As explained, this smaller project only analyzes 20 of the U.S.’s 50 states due to constraints in accessible data. The 20 states are mapped below and include: Alaska (AK), Colorado (CO), Connecticut (CT), Florida (FL), Georgia (GA), Idaho (ID), Iowa (IA), Missouri (MO), Montana (MT), Nevada (NV), New Jersey (NJ), New York (NY), North Carolina (NC), Ohio (OH), Oklahoma (OK), Oregon (OR), Pennsylvania (PA), Utah (UT), Vermont (VT), and Washington (WA). For ease in visualization, the R code is supplied only for the first map, Gender.

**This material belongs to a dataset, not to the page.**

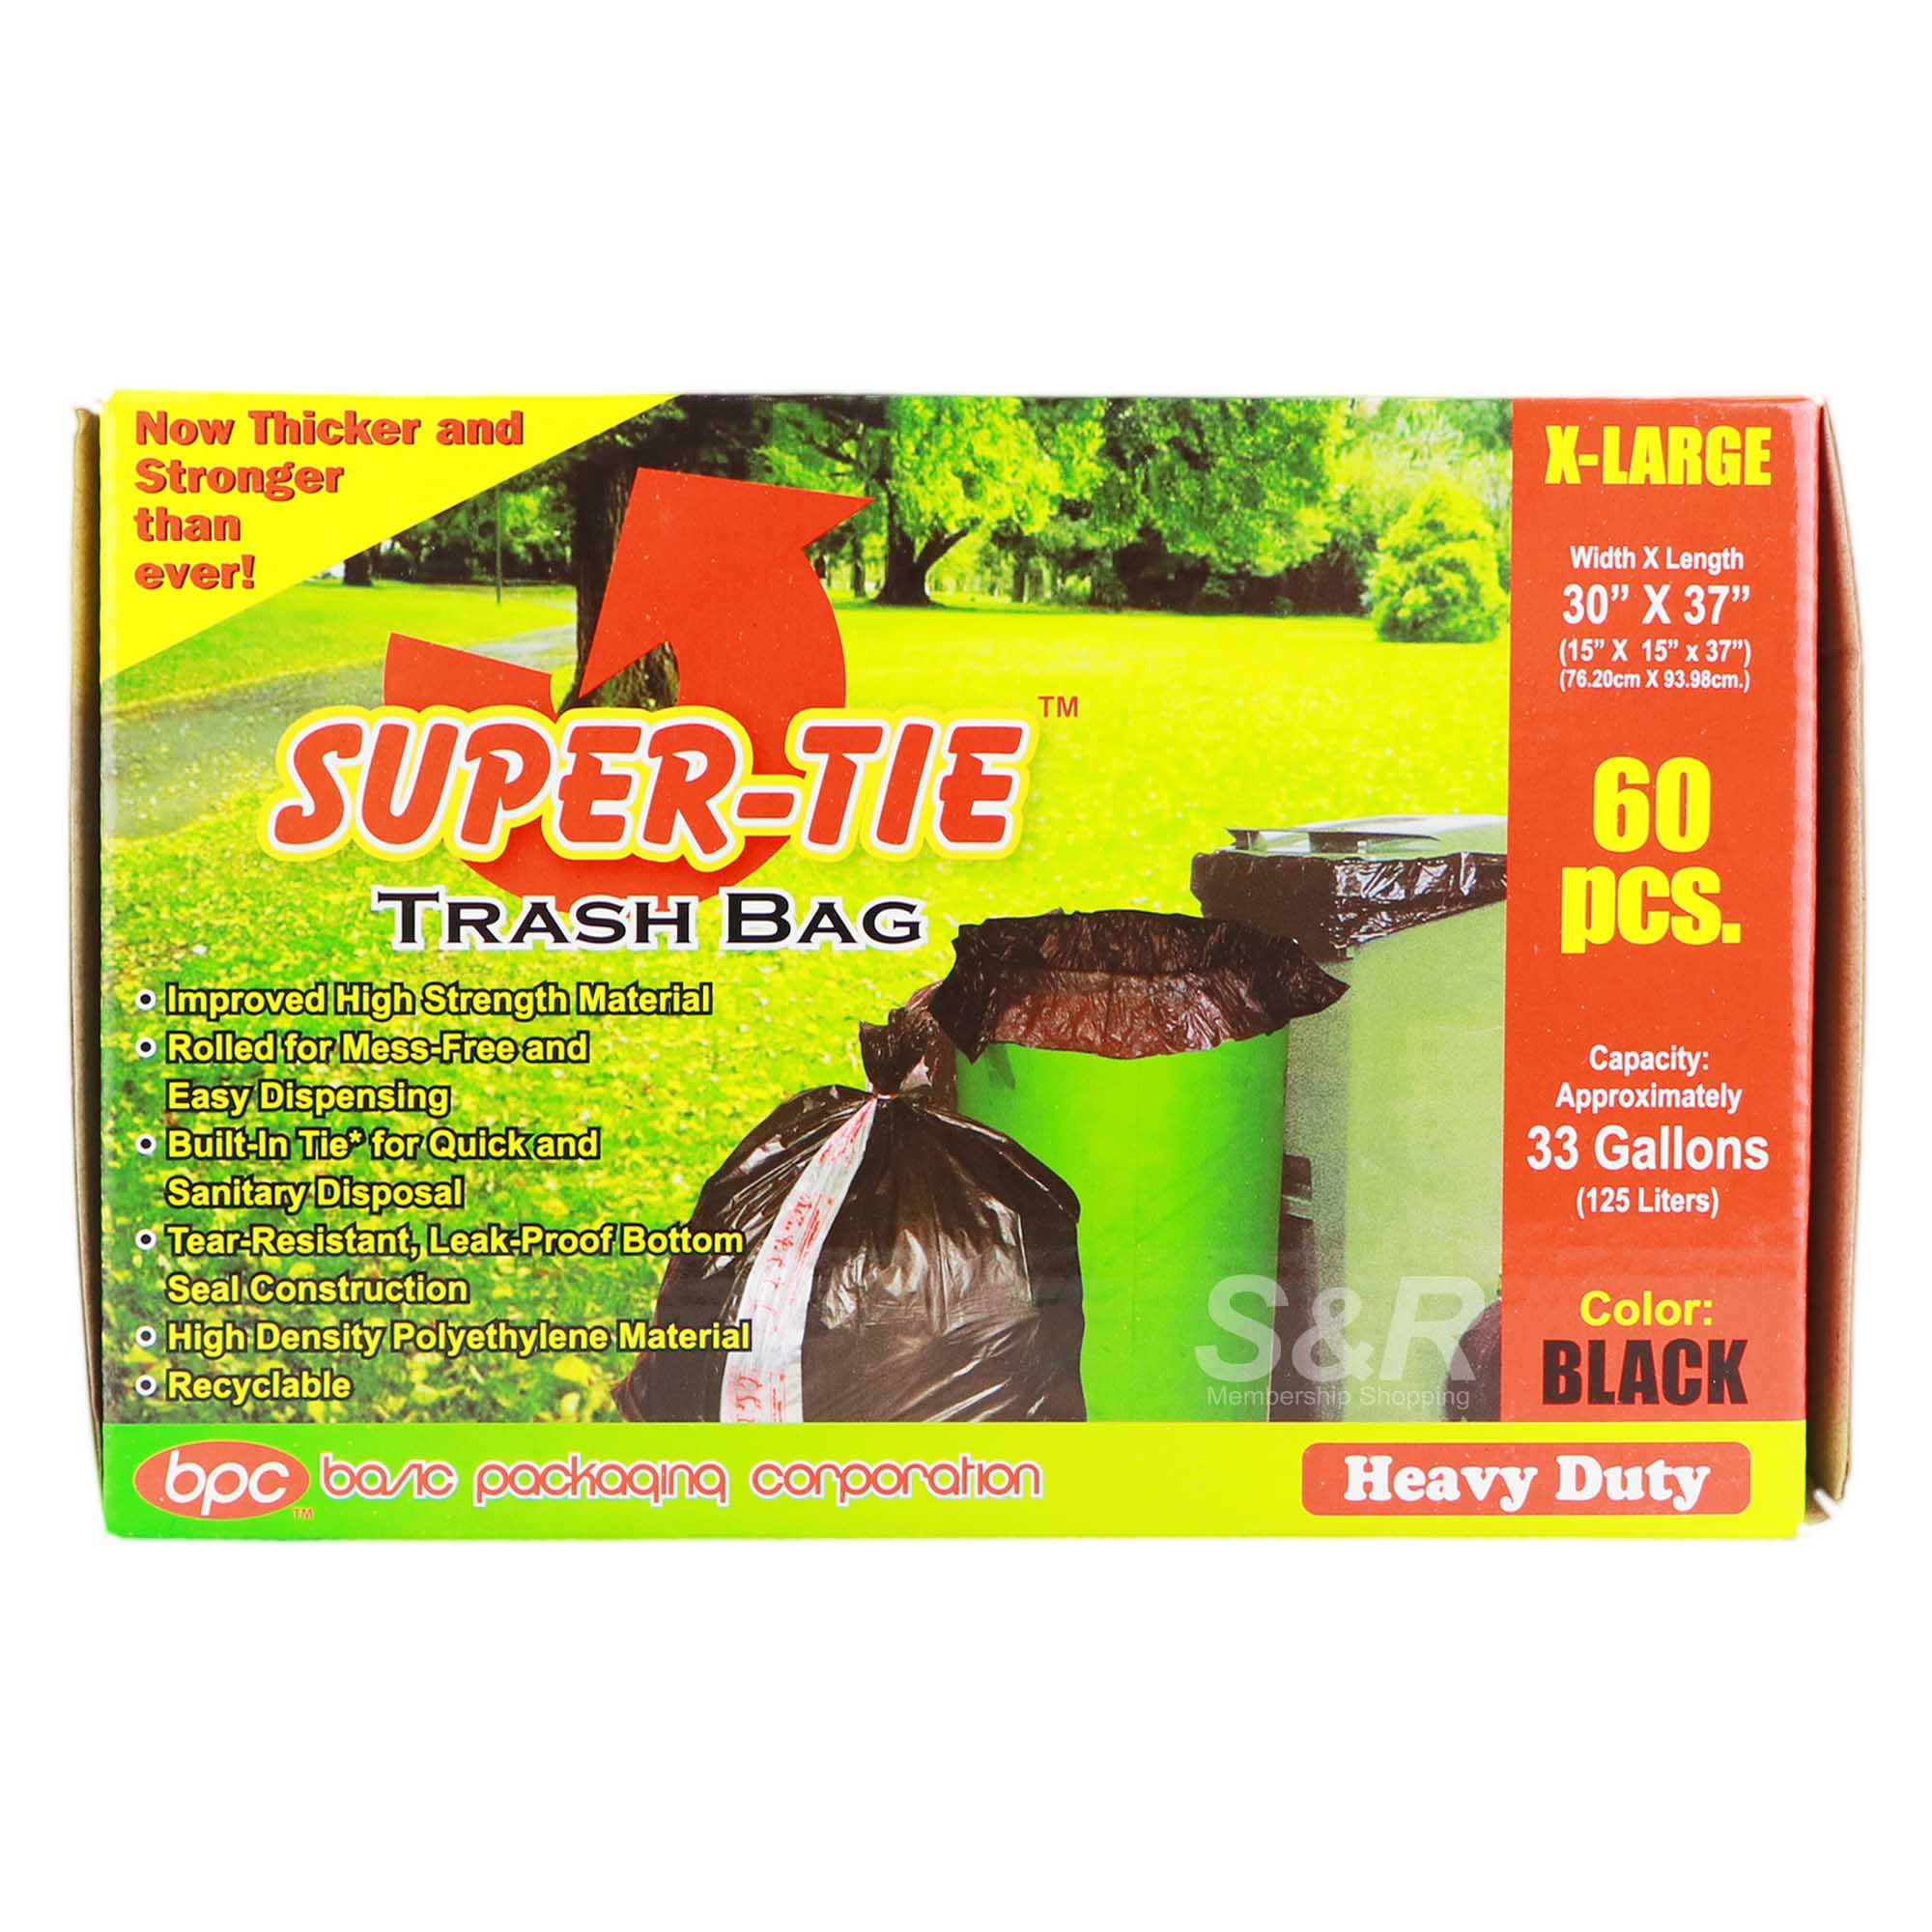 Super-Tie Trash Bag XL 60 pcs
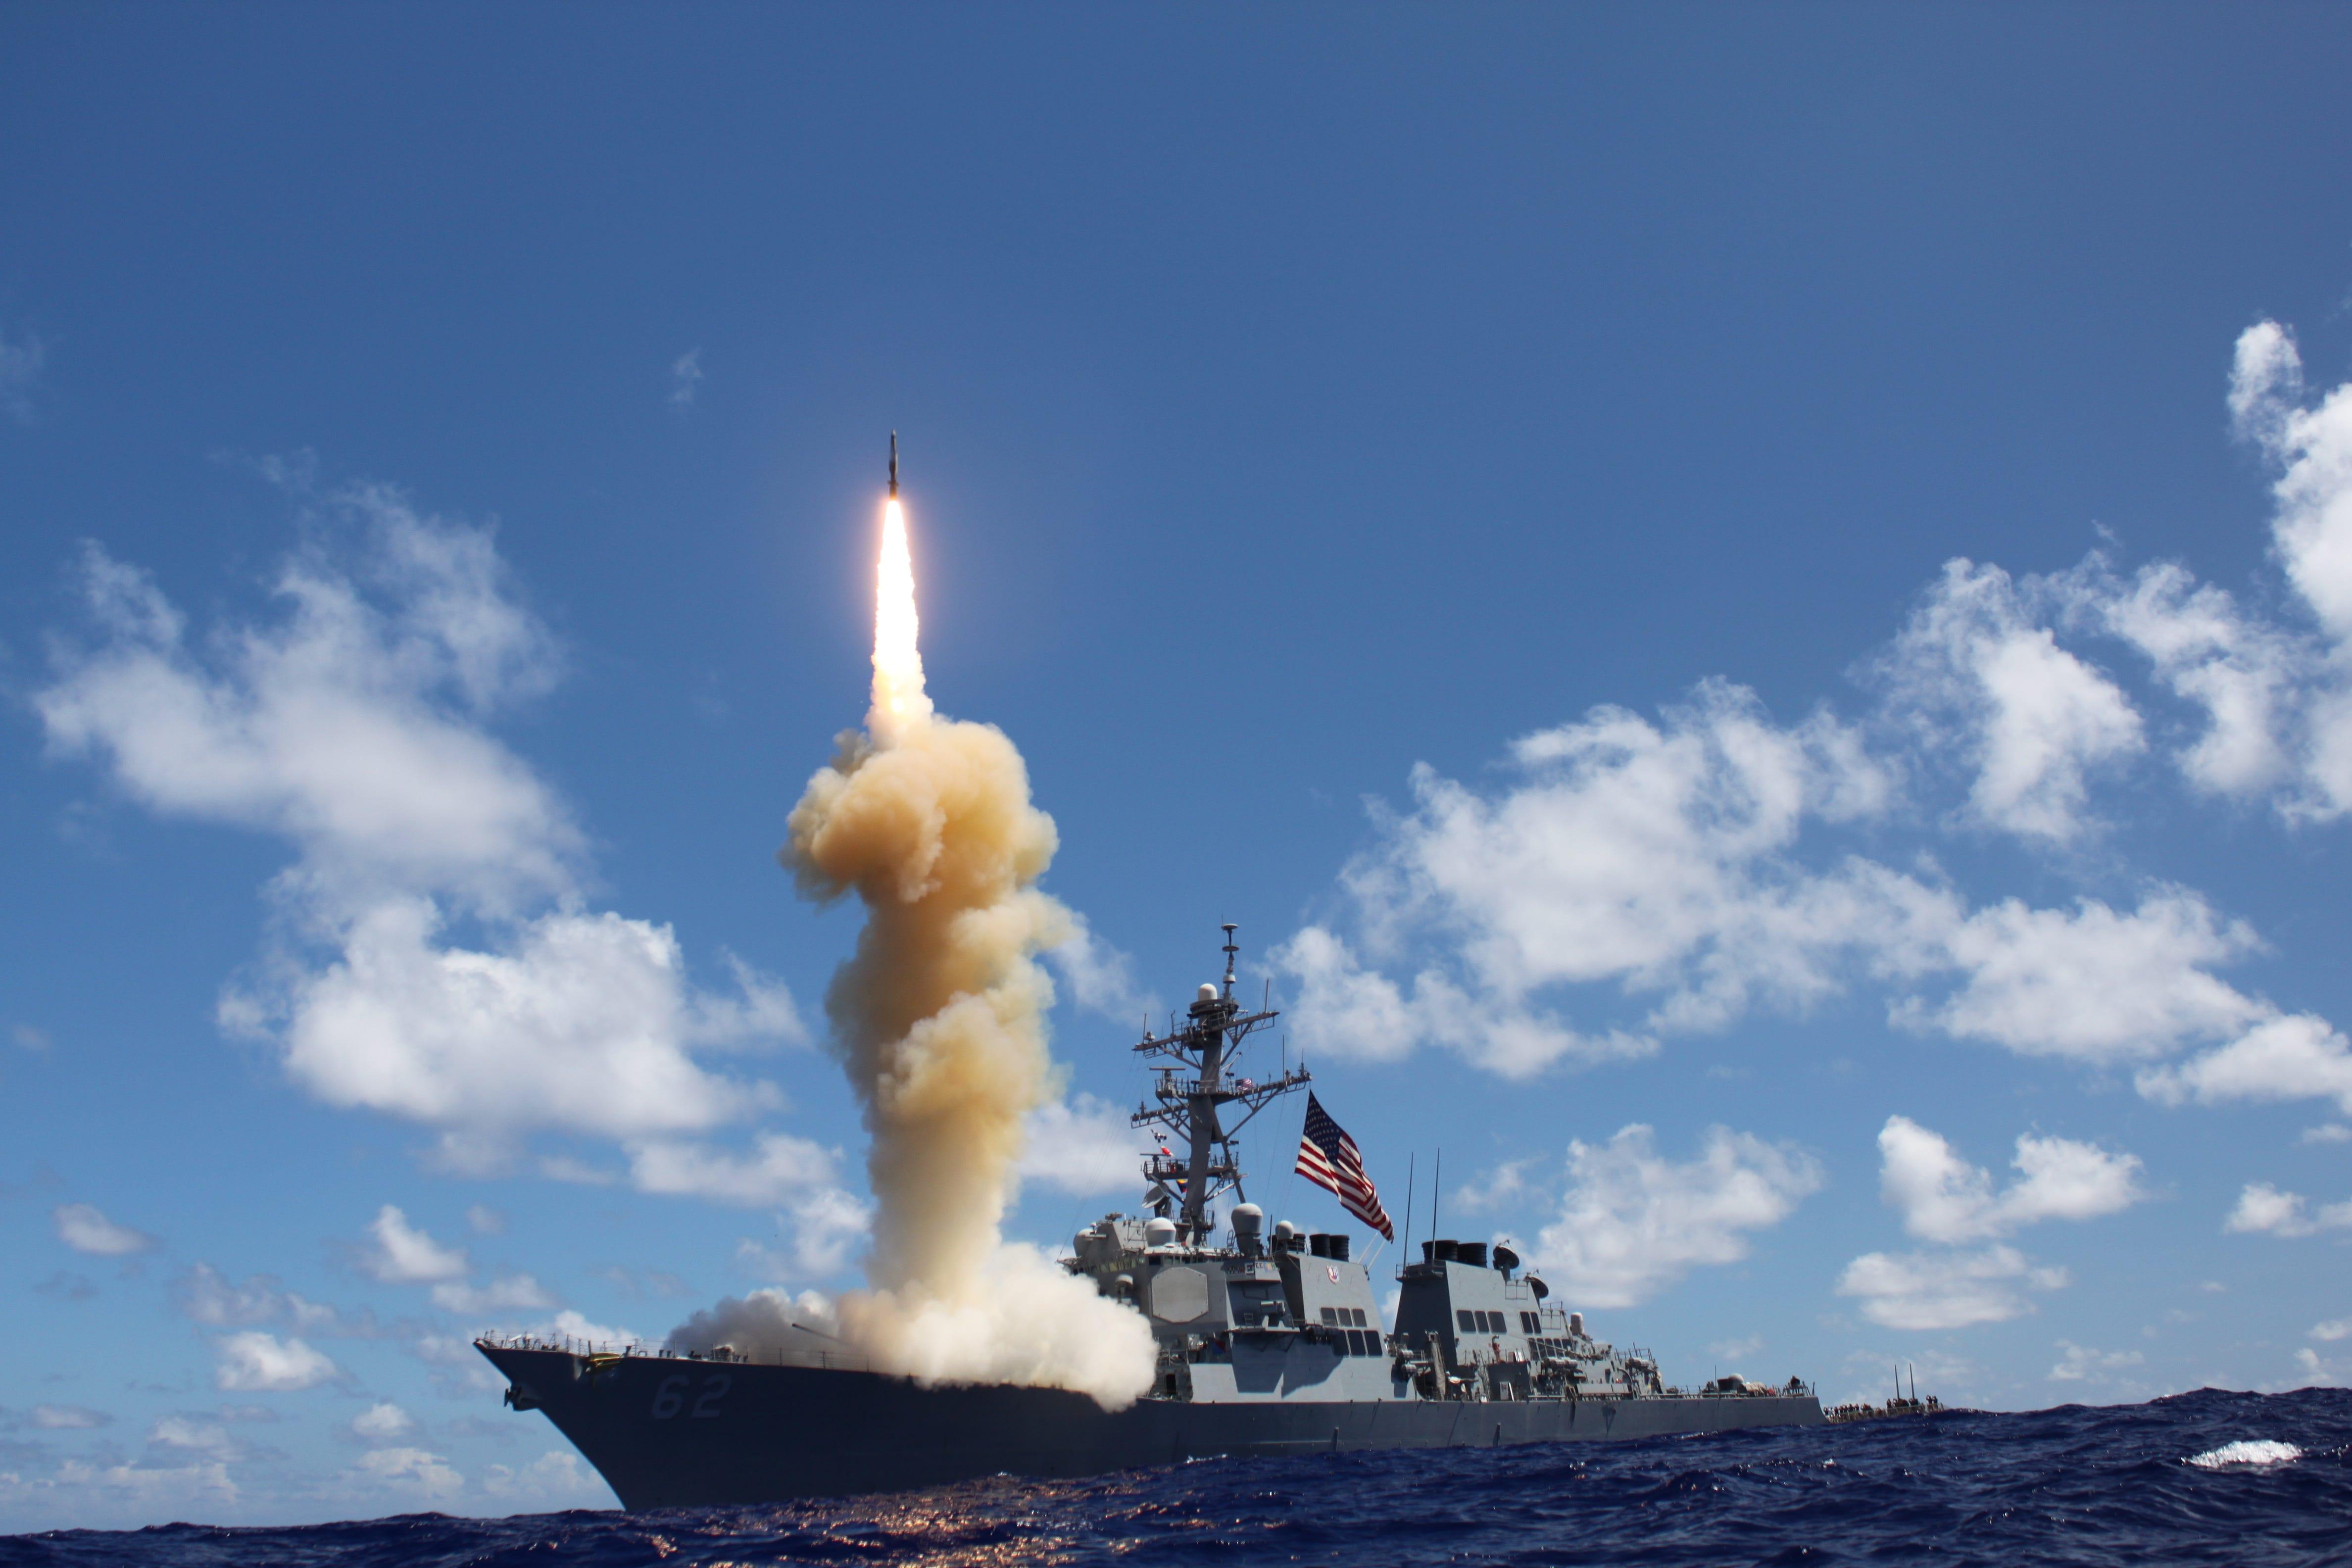 アメリカ海軍が初めて実戦で使用したミサイル「SM-3」とは…大気圏外での迎撃能力も

It is important to note here that for only one variable, “Race”, I looked at a few other states for fun, since I received this data from my advisor or was able to find it from the Secretary of State’s website. As you will see during the discussion, if I had not factored in these extra states, the analysis would have included only three states– and would not have been as interesting! As a disclaimer though, these states are not included in the overall design as I did not the necessary data to support other analysis.
The following maps were created to visualize how U.S. states classify five different variables in elections.
## Gender Data Frame
gender<-data.frame(state=c(state, np.states), gender=NA)
yamls = list(ak.yaml, co.yaml, ct.yaml, fl.yaml, ga.yaml, id.yaml, ia.yaml, mo.yaml, mt.yaml, nv.yaml, nj.yaml, ny.yaml, nc.yaml, oh.yaml, ok.yaml, or.yaml, pa.yaml, ut.yaml, vt.yaml, wa.yaml)
for(i in 1:length(yamls)) {
gender$gender[i] = paste(as.character(unlist(yamls[[i]]$gender_codes)), collapse='')
}
gender$gender[is.na(gender$gender)] <- "NA"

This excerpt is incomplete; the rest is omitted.